(What the task asks) Nothing but the lines from the one with "Creepy Clown tattoo by Eric" through the end of the records may appear in the answer, each reproduced exactly, pictures omitted.

===============

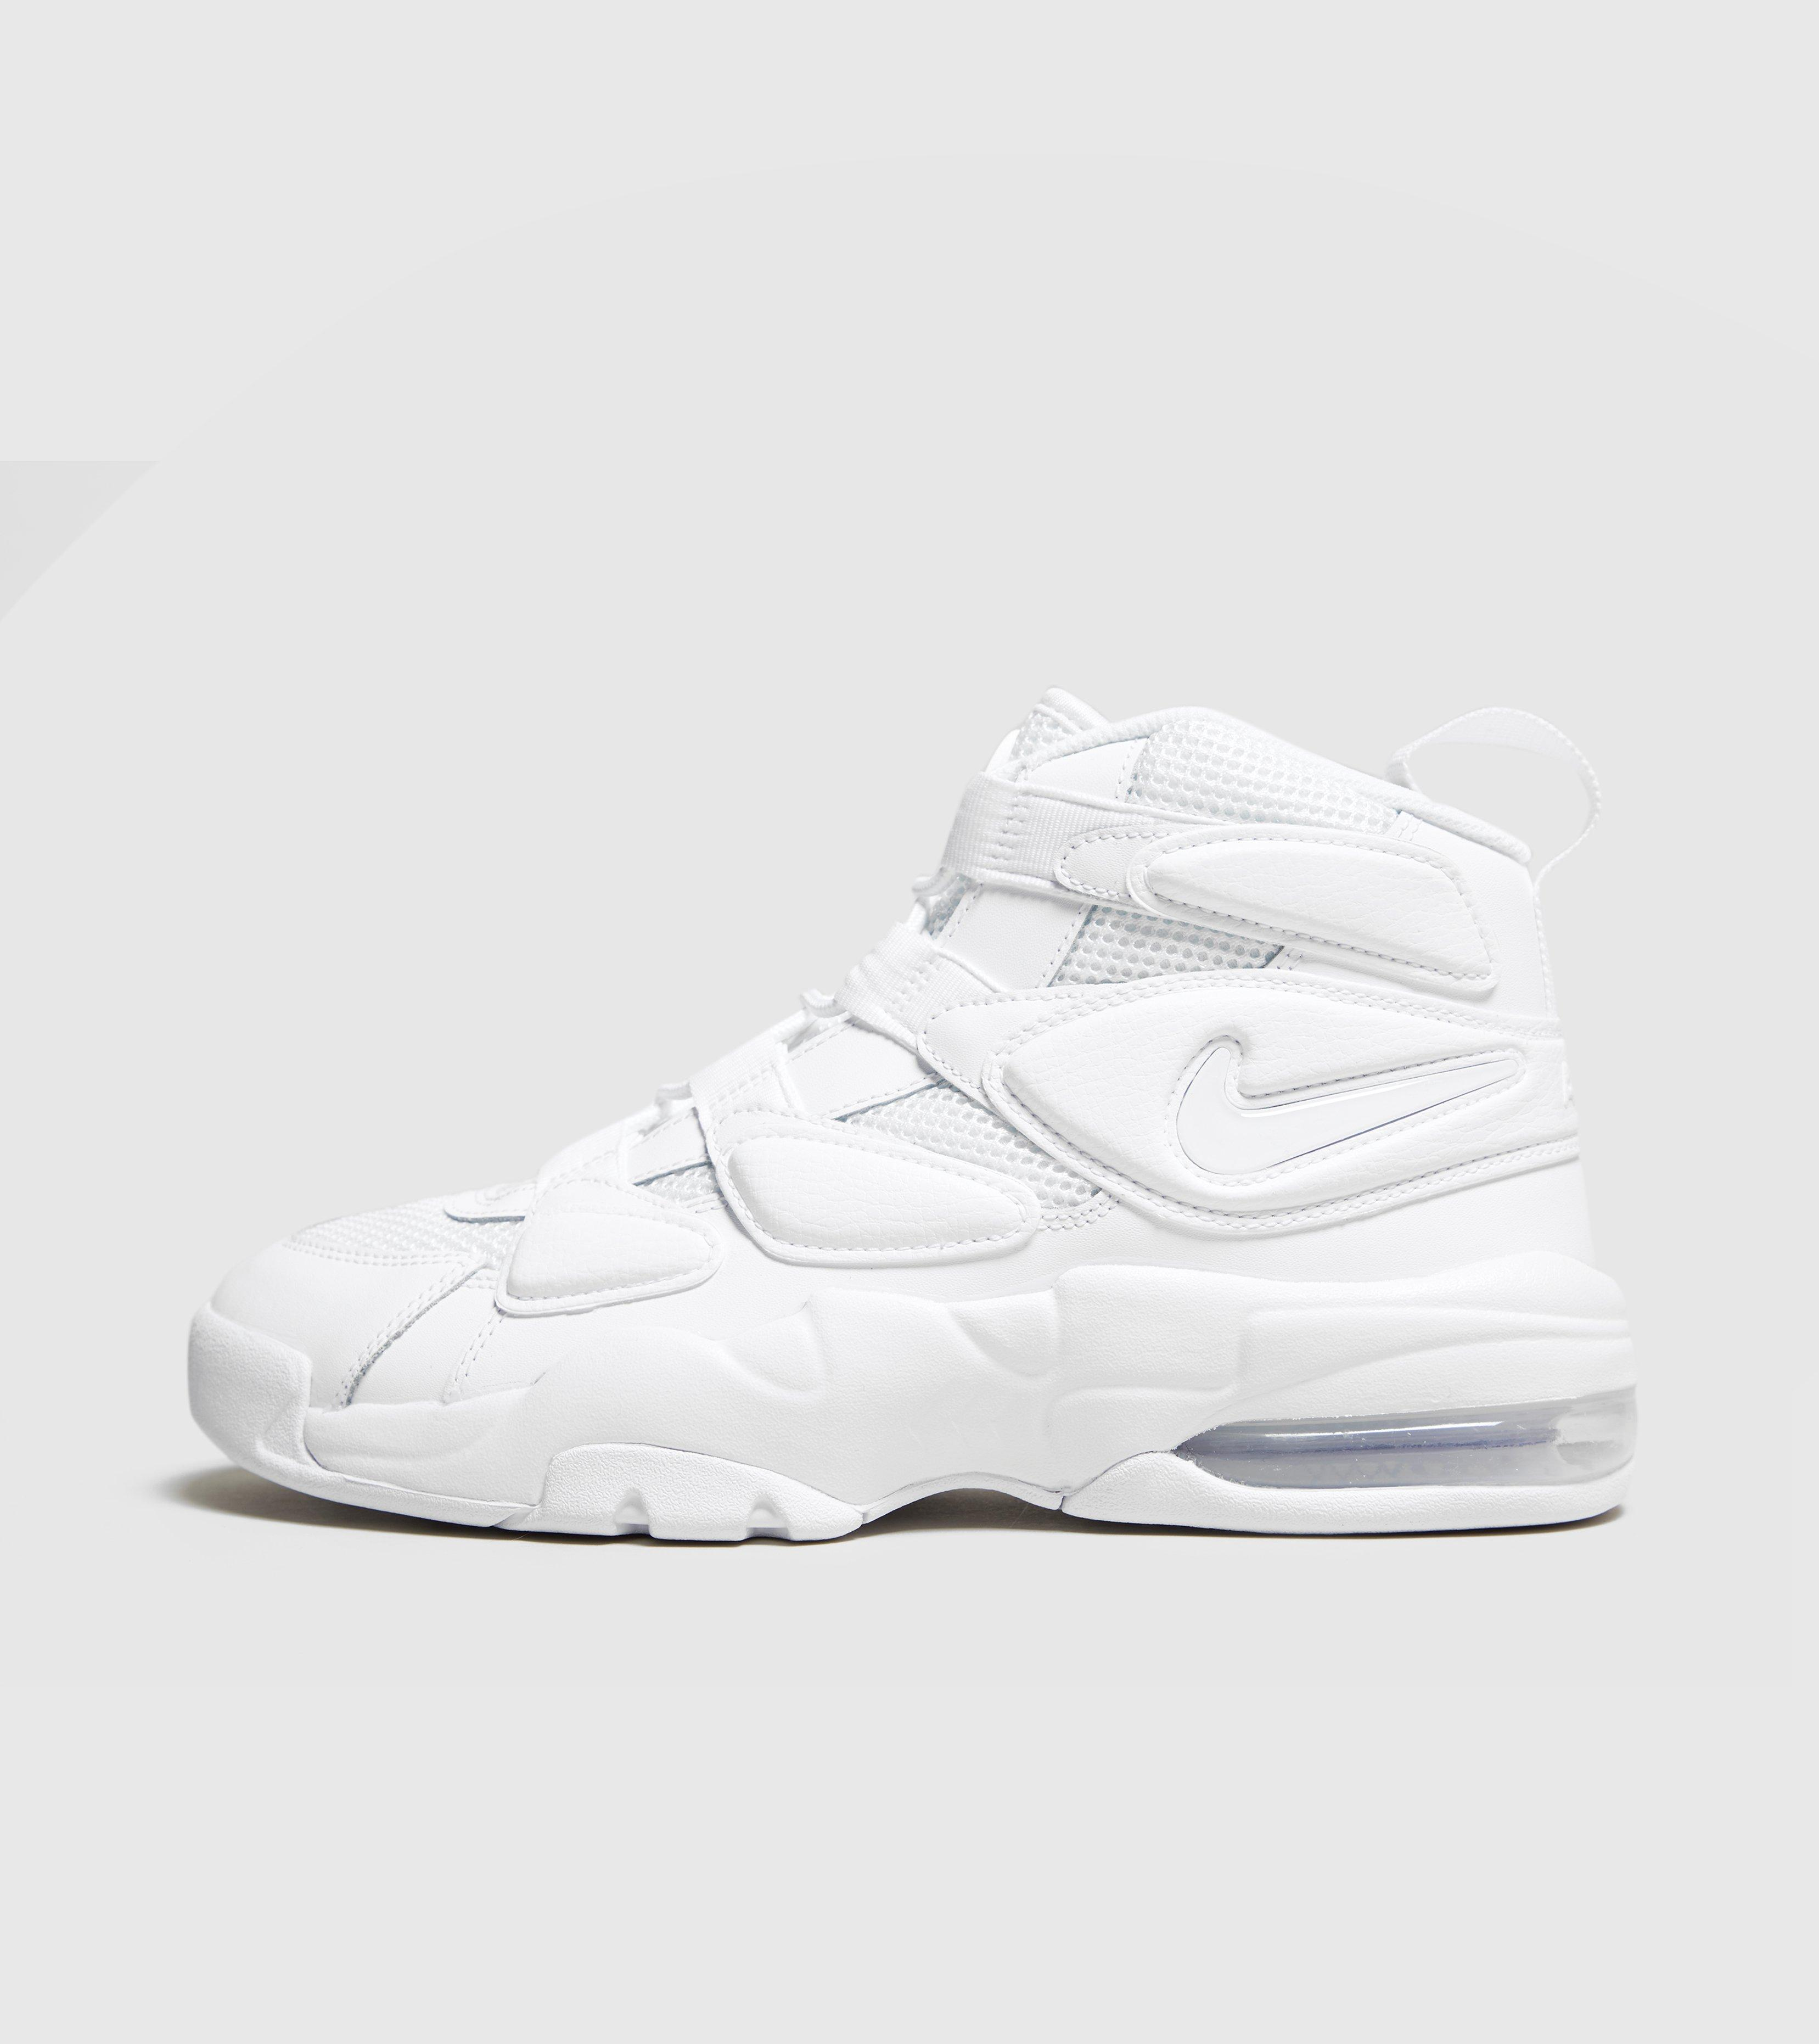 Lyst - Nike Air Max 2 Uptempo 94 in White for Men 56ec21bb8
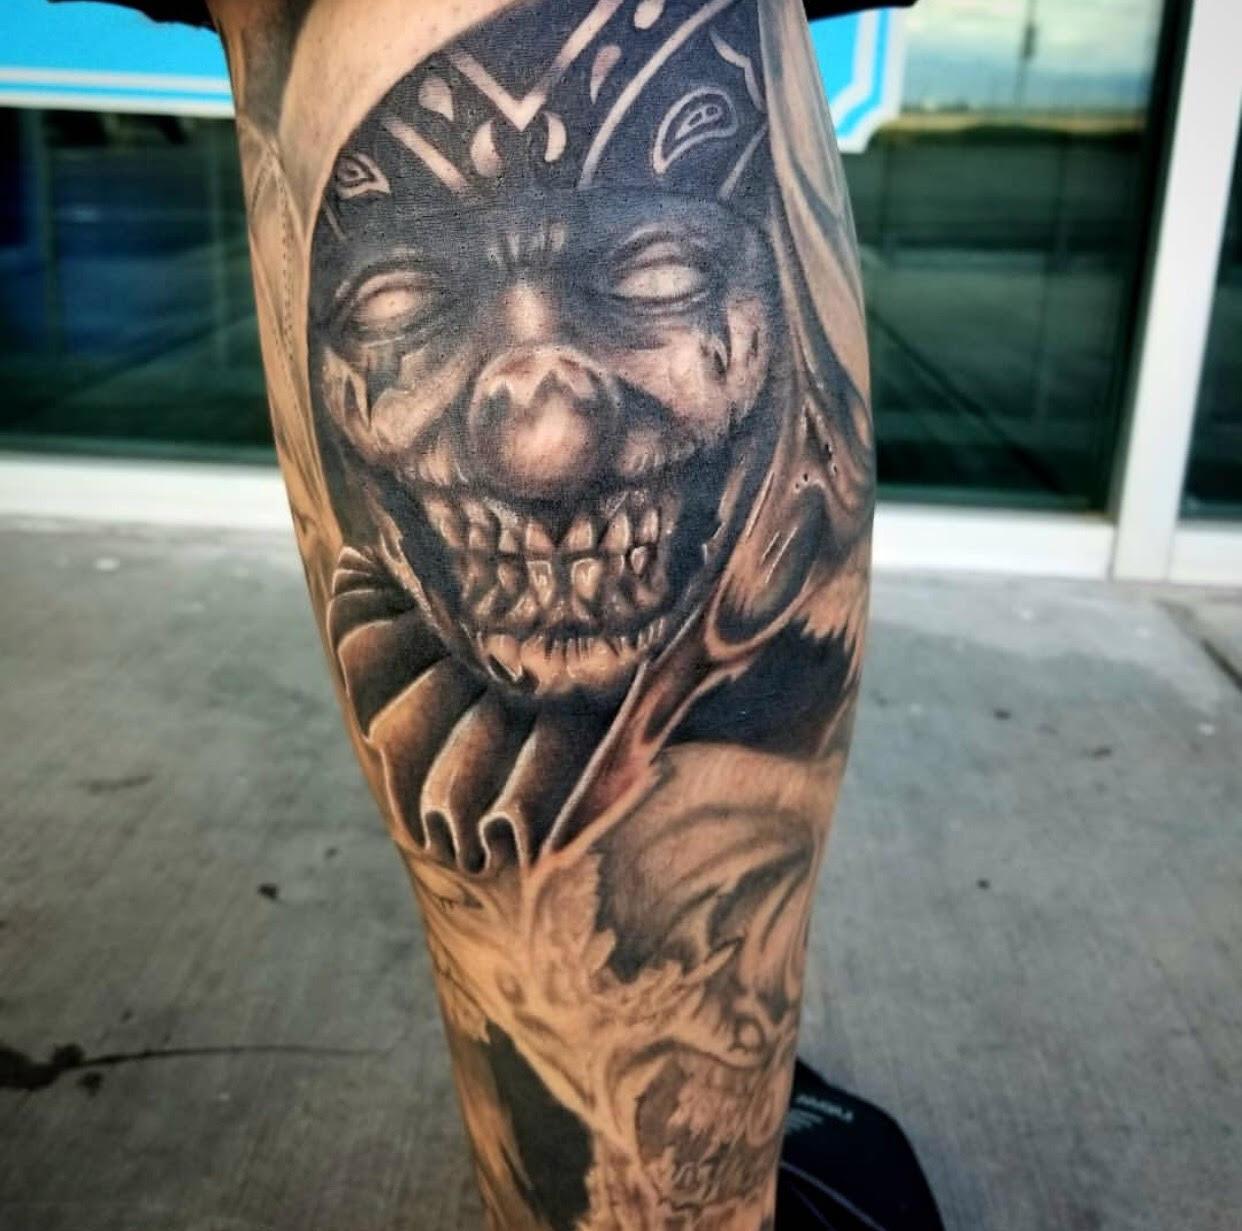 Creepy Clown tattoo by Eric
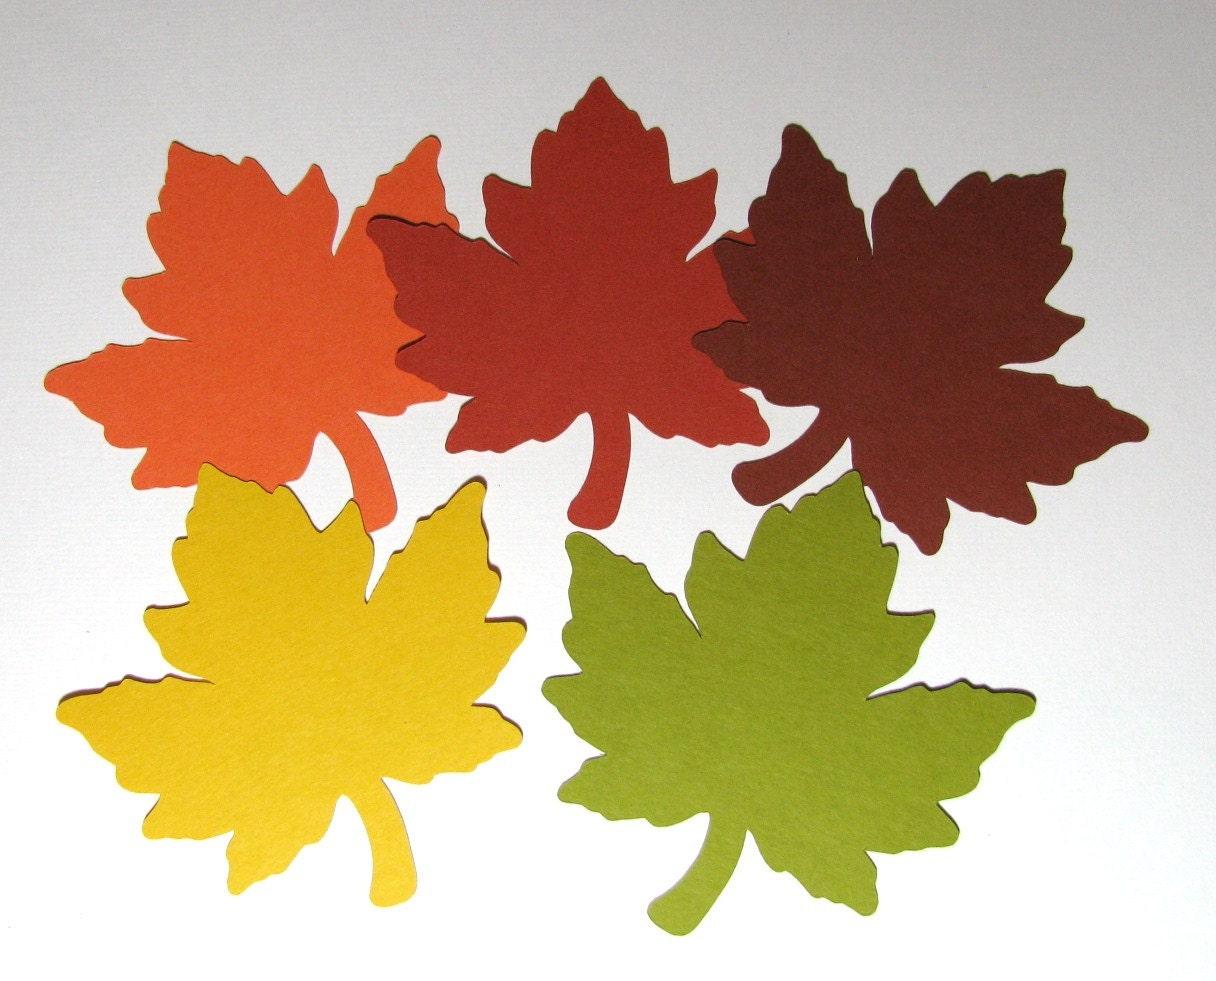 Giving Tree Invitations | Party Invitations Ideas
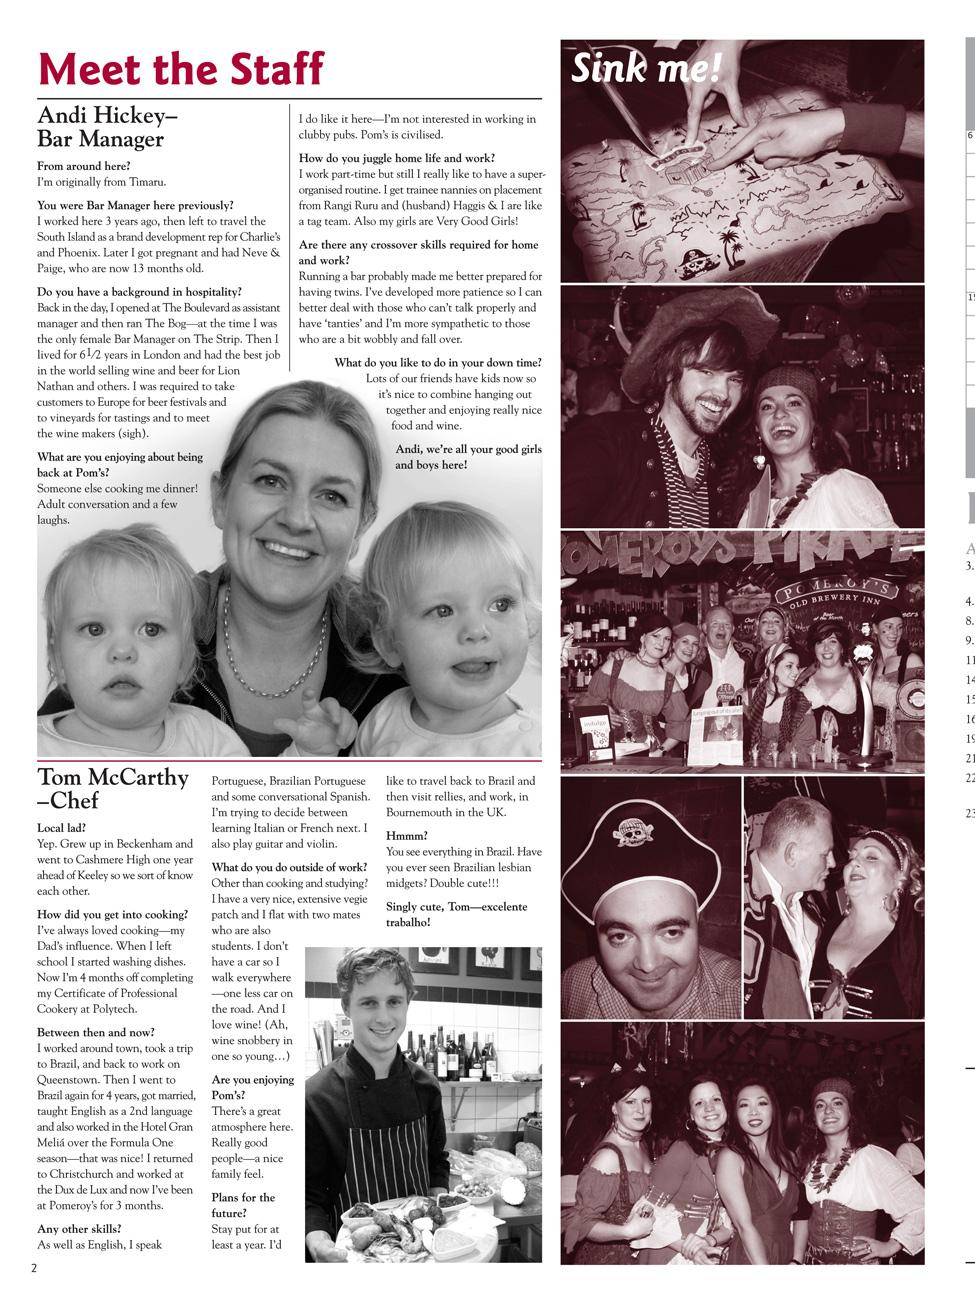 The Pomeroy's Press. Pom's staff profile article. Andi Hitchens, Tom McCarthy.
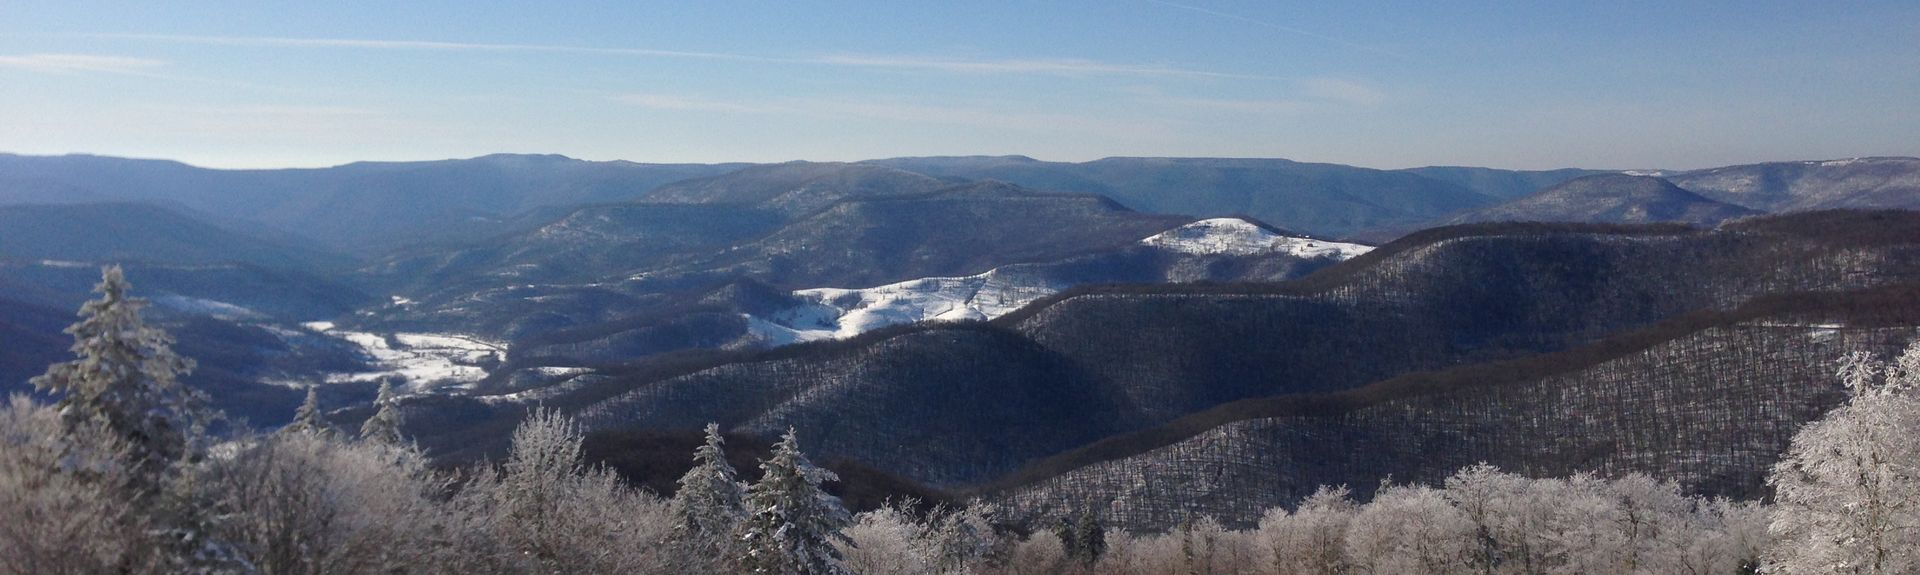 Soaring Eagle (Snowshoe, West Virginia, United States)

===============

(Response to this task)
 Creepy Clown tattoo by Eric
 Giving Tree Invitations | Party Invitations Ideas
 The Pomeroy's Press. Pom's staff profile article. Andi Hitchens, Tom McCarthy.
 Soaring Eagle (Snowshoe, West Virginia, United States)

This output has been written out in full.